Current accounts of speech perception emphasize process and divide the process into a hierarchy of stages: auditory, phonetic, phonological, and so on (see for example, Fry, 1956; Chistovich et al., 1968; Studdert-Kennedy, in press). The distinction between phonetic and higher levels is commonly accepted in linguistic theory and is readily demonstrated in behavior. But the distinction between auditory and phonetic levels is less easily demonstrated and is not widely recognized. The auditory stage (or stages) refers to transformation of the acoustic waveform into a set of time-varying psychological dimensions (pitch, loudness, timbre, duration) roughly corresponding to dimension measurable in a spectrogram. The phonetic stage refers to transformation of psychological (auditory) dimensions into phonetic features. We have argued elsewhere (Studdert-Kennedy & Shankweiler, 1970) that, while the auditory transformation may be accomplished by the general auditory system common to both cerebral hemispheres, the phonetic transformation is accomplished largely, if not exclusively, by specialized mechanisms in the language-dominant hemisphere.5
We will not repeat the argument here. But among the reasons for positing a single phonetic processing system is an interaction between left- and right-ear inputs repeatedly observed in dichotic experiments: the initial stop consonants of dichotically presented CV (or CVC) syllables, differing only in those stops, are more accurately identified if the two segments have a phonetic feature in common (Shankweiler & Studdert-Kennedy, 1967). Figure 1 (based on Table IV of Studdert-Kennedy & Shankweiler, 1970) displays the effect. The probability that both initial stops will be correctly identified is greater if the two segments have the same value on the phonetic features of place (e.g., /ba–pa/) or voicing (e.g., /ba–da/) than if they have neither feature in common (e.g., /ba–ta/).
Fig. 1.

The percentage of trials on which both responses were correct as a function of the consonantal feature shared by dichotic CV pairs.

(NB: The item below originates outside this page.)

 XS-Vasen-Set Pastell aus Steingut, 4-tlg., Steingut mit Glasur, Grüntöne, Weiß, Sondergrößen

We have interpreted this interaction as evidence that dichotic speech inputs converge on a single cerebral center before the extraction of phonetic features. We suggested, further, that “duplication of the auditory information conveying the shared feature value gives rise to the observed advantage” (Studdert-Kennedy & Shankweiler, 1970, p. 589). However, there are at least two stages at which the advantage might arise: (1) during extraction of phonetic features from the auditory transforms (the interpretation quoted above); or (2) during output of a response from the phonetic system.6 The first interpretation attributes the advantage to shared characteristics of the inputs (signals) to the phonetic system: phonetic analysis of the two sets of auditory parameters is facilitated if the two sets have certain auditory features in common. The second interpretation attributes the advantage to shared characteristics of the outputs (messages): correct responses from the phonetic component are facilitated by shared phonetic features rather than by shared auditory features. We should emphasize that a response from the phonetic component is conceptually a stage of the perceptual process and is to be distinguished from any observable motor response that may follow it.

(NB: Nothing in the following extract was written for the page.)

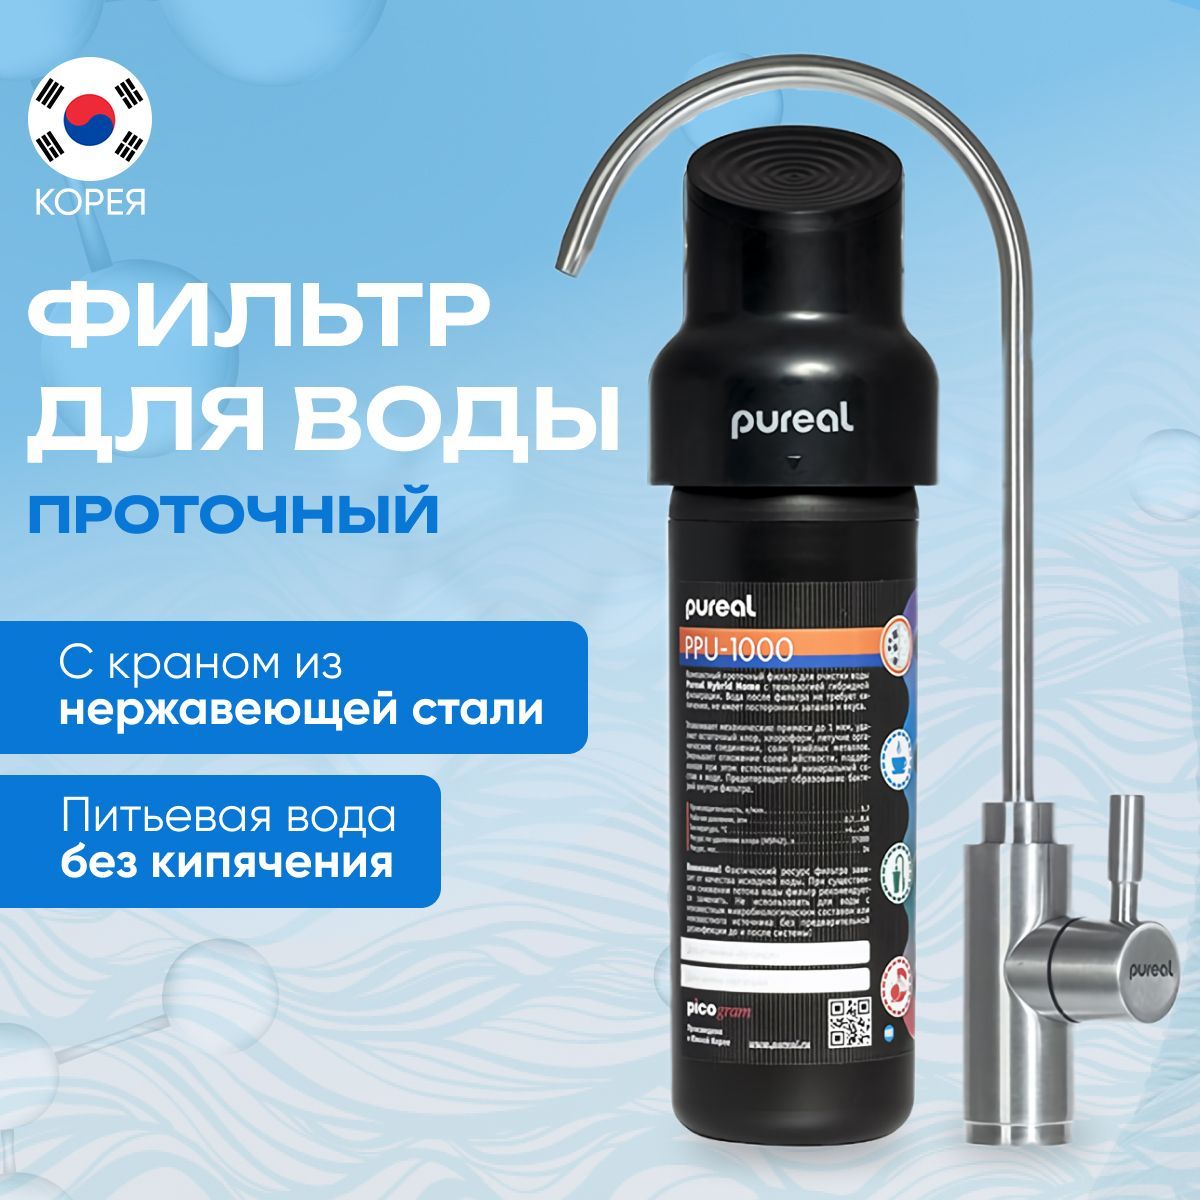 Корейский фильтр. Корейские фильтры для воды для душа. Фильтр из корейского. Pureal Hybrid фильтр для воды PPU-1000 цены. Корейский фильтр для воды

The present experiment was designed mainly to distinguish between these two interpretations. We may clarify the argument by considering the set of syllables used. Table 1 lists four stop consonants (/b,p,d,t/) and their possible combinations into dichotic pairs. Note that there are two pairs sharing place (/b–p/, /d–t/), two sharing voice (/b–d/, /p–t/) and two sharing neither feature (/b–t/, /d–p/). We are most interested in the two pairs sharing place, since it is these that permit us to compare the effects of auditory and phonetic commonalty.
TABLE 1.
Paired Combinations of Four Stop Consonants According to Features of Voicing and Place of Articulation
| Place of articulation
|
||
|---|---|---|
| Labial | Alveolar | |
|
|
||
| Voiced | b | d |
| Unvoiced | p | t |
| Pairs sharing
| ||
| Place alone | Voicing alone | Neither feature |
|
| ||
| b–p | b–d | b–t |
| d–t | p–t | d–p |
Figure 2 illustrates the comparison. The figure displays stylized spectrographic patterns of the eight synthetic CV syllables used in this study. They are formed from all possible combinations of the four stop consonants (/b,p,d,t/) with two vowels (/i,u/). No release burst was included in the synthesis so that all information concerning place of articulation is conveyed by the second- and, to some extent, third-formant transitions. All within column pairs share both place of consonantal articulation and following vowel: they, therefore, have identical formant transitions. Cross-column pairs (/bi–pu, bu–pi, di–tu, du–ti/) share place of consonantal articulation but not following vowel: they, therefore, have different formant transitions, In other words, within-column (same vowel) pairs share both phonetic and auditory information; cross-column (different vowel) pairs share only phonetic information. We may now compare performance on these two types of dichotic pair. If the advantage due to sharing a feature has an auditory basis, we would expect the advantage to be greater for place-sharing dichotic pairs that also share the same vowel than for corresponding pairs that have different vowels. On the other hand, if the advantage has a phonetic basis, we would expect no difference in performance on these same pairs between the two experimental conditions of “vowel same” and “vowel different.”
Fig. 2.
Schematic spectrograms of eight synthetic CV syllables.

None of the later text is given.